A recent Gallup poll conducted in the United States provides the perfect setting. A group of 5,757 participants across various age groups, political leanings, etc., was asked 128 questions probing how they feel about the way businesses function. Table 1 shows a sample of those questions. Frequently, a major question represented a category, and there were subquestions that tested the participants on subthemes. The 11-series questions, for instance, asked people how crucial they think certain aspects of running a business are; the 12-series questions checked how they felt businesses were actually doing on those corresponding themes. The graphs in Figure 1 represent webs of interconnectedness not among the survey participants—like we’d have on a typical Facebook or Twitter-type social network—but among these attitudes.

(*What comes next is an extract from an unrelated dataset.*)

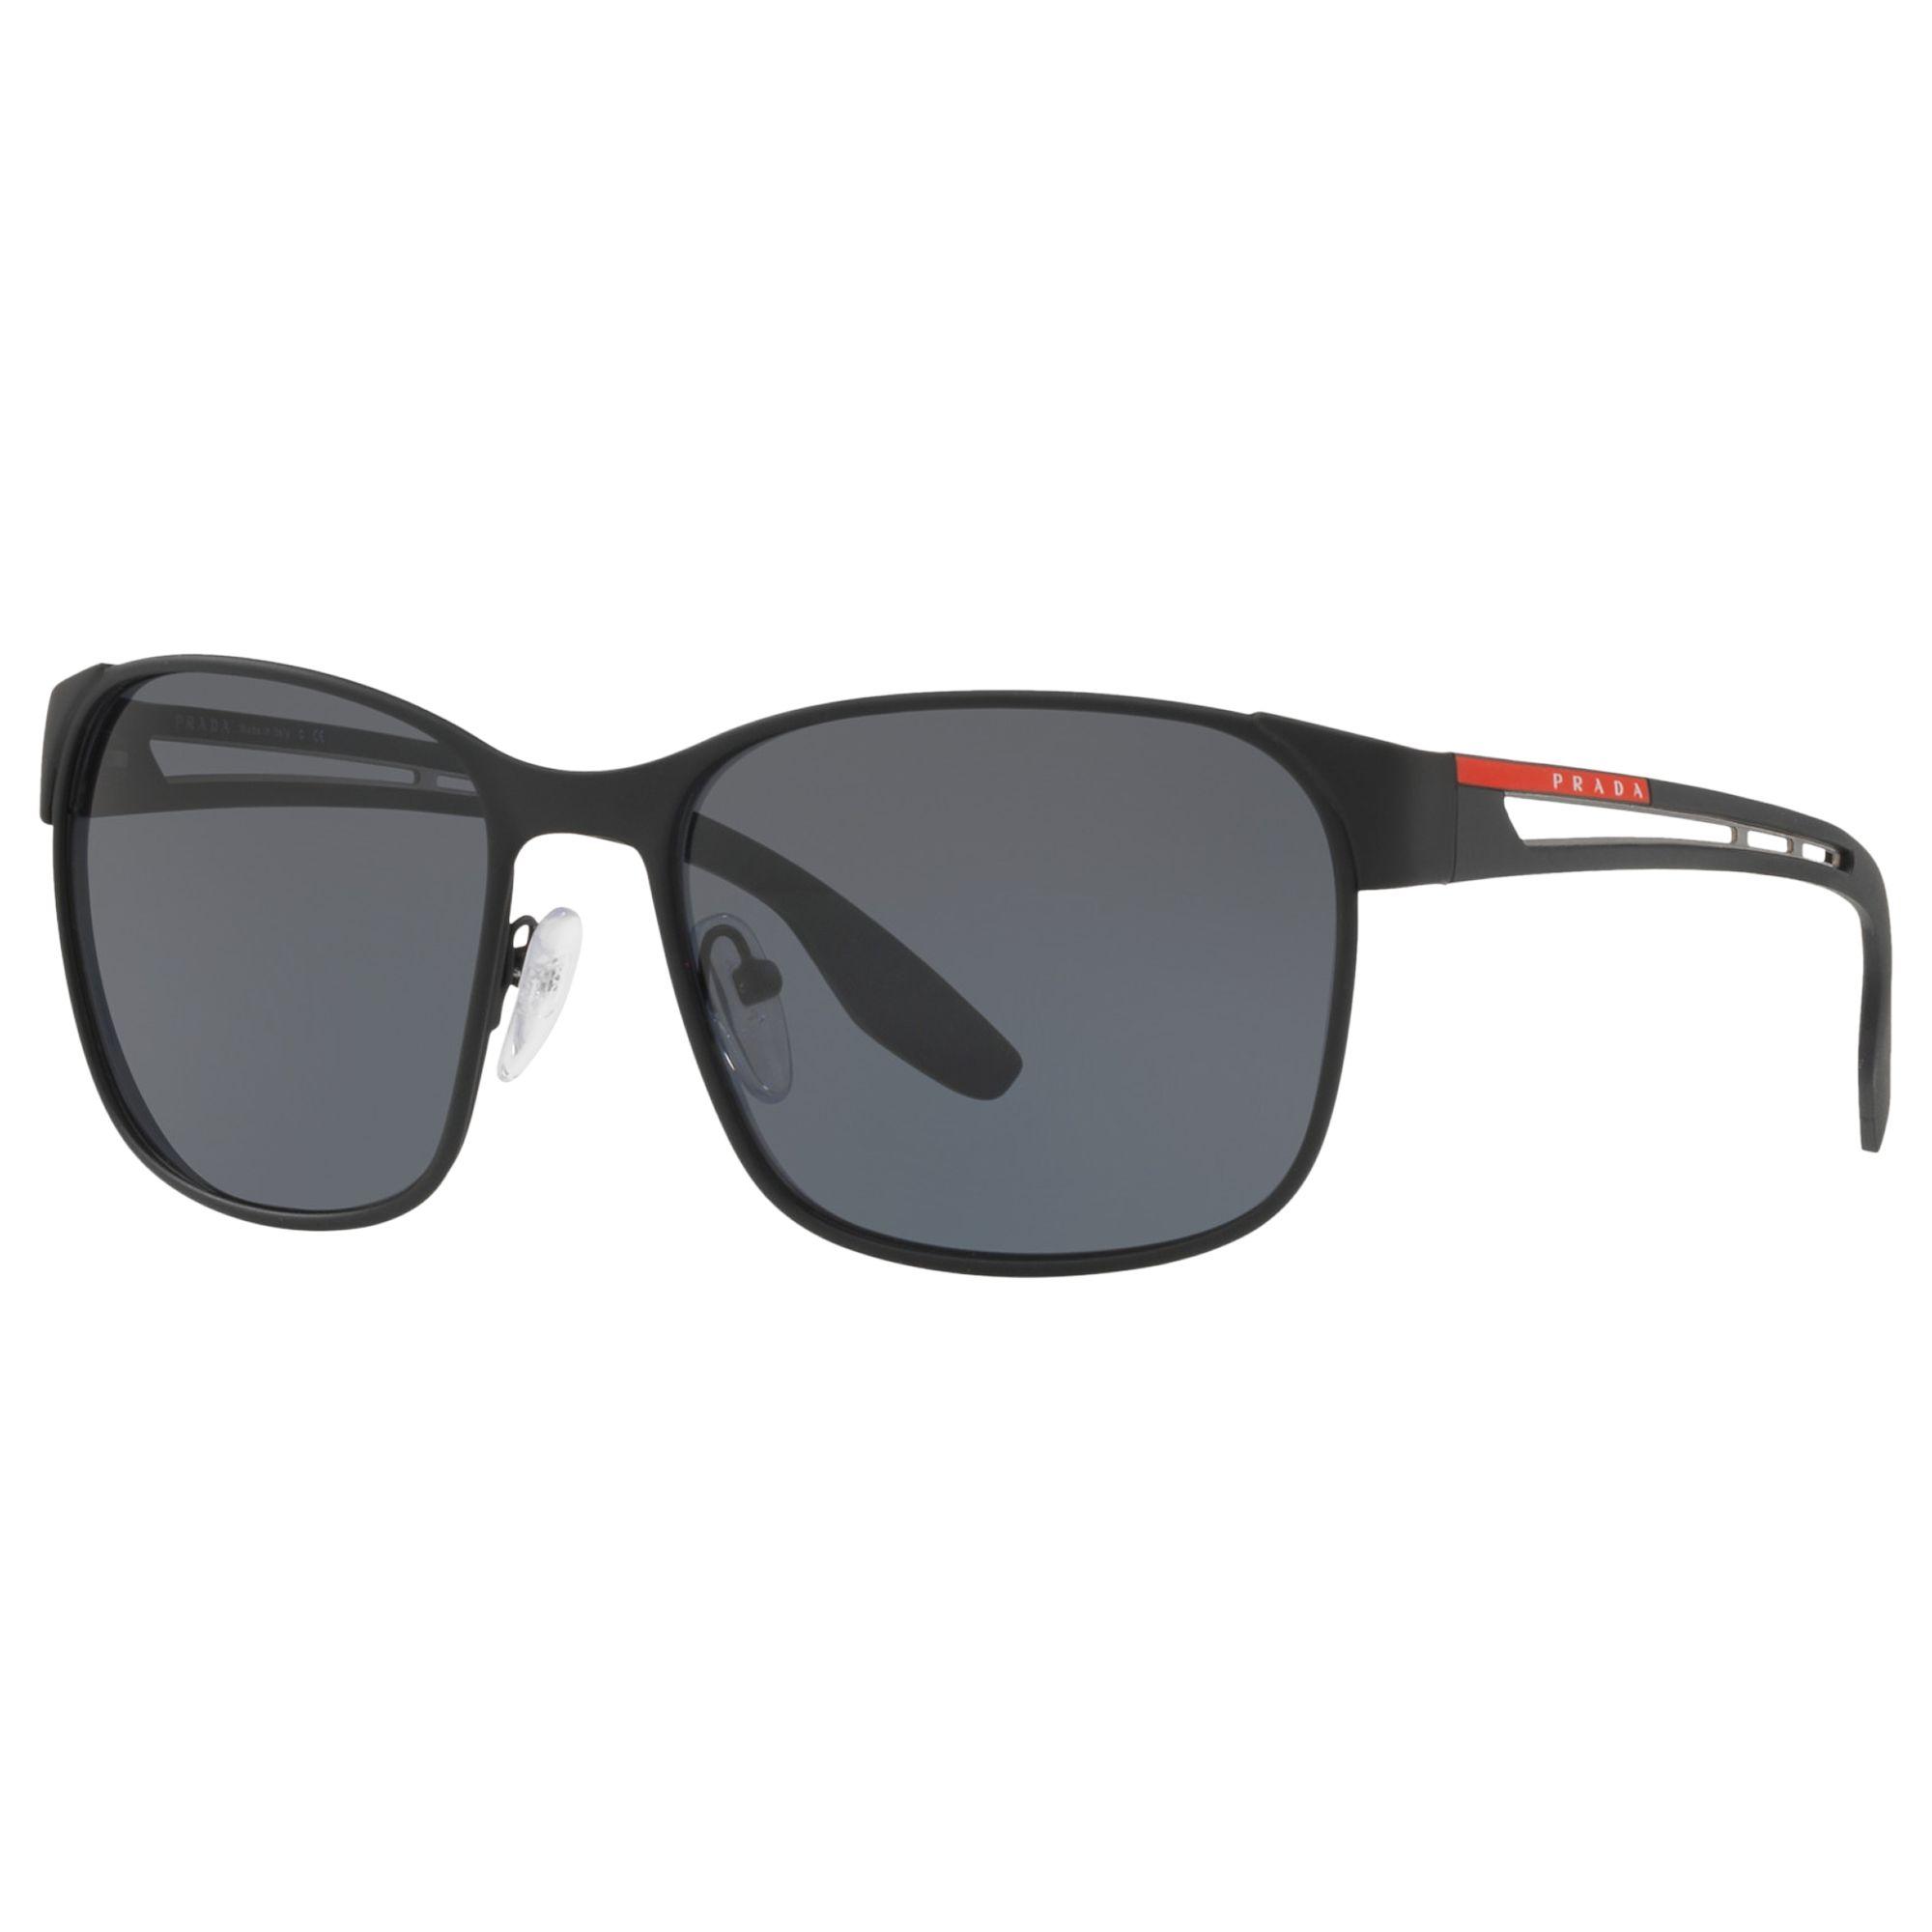 c0ce6127059e Prada Linea Rossa PS 52TS Men s Square Sunglasses

In a social network, dependence is easy to understand; a link gets formed, (i.e., two people get attached) if they are on each other’s friend lists or if one follows the other. This is a clear binary: at a point in time, you are on someone’s friend list or not—there’s no doubt when or whether a tie is formed. But what makes an attitude “hook up” with another? Varieties of correlations may supply some options.

Let’s Get on to the Field…the Markov Random Field…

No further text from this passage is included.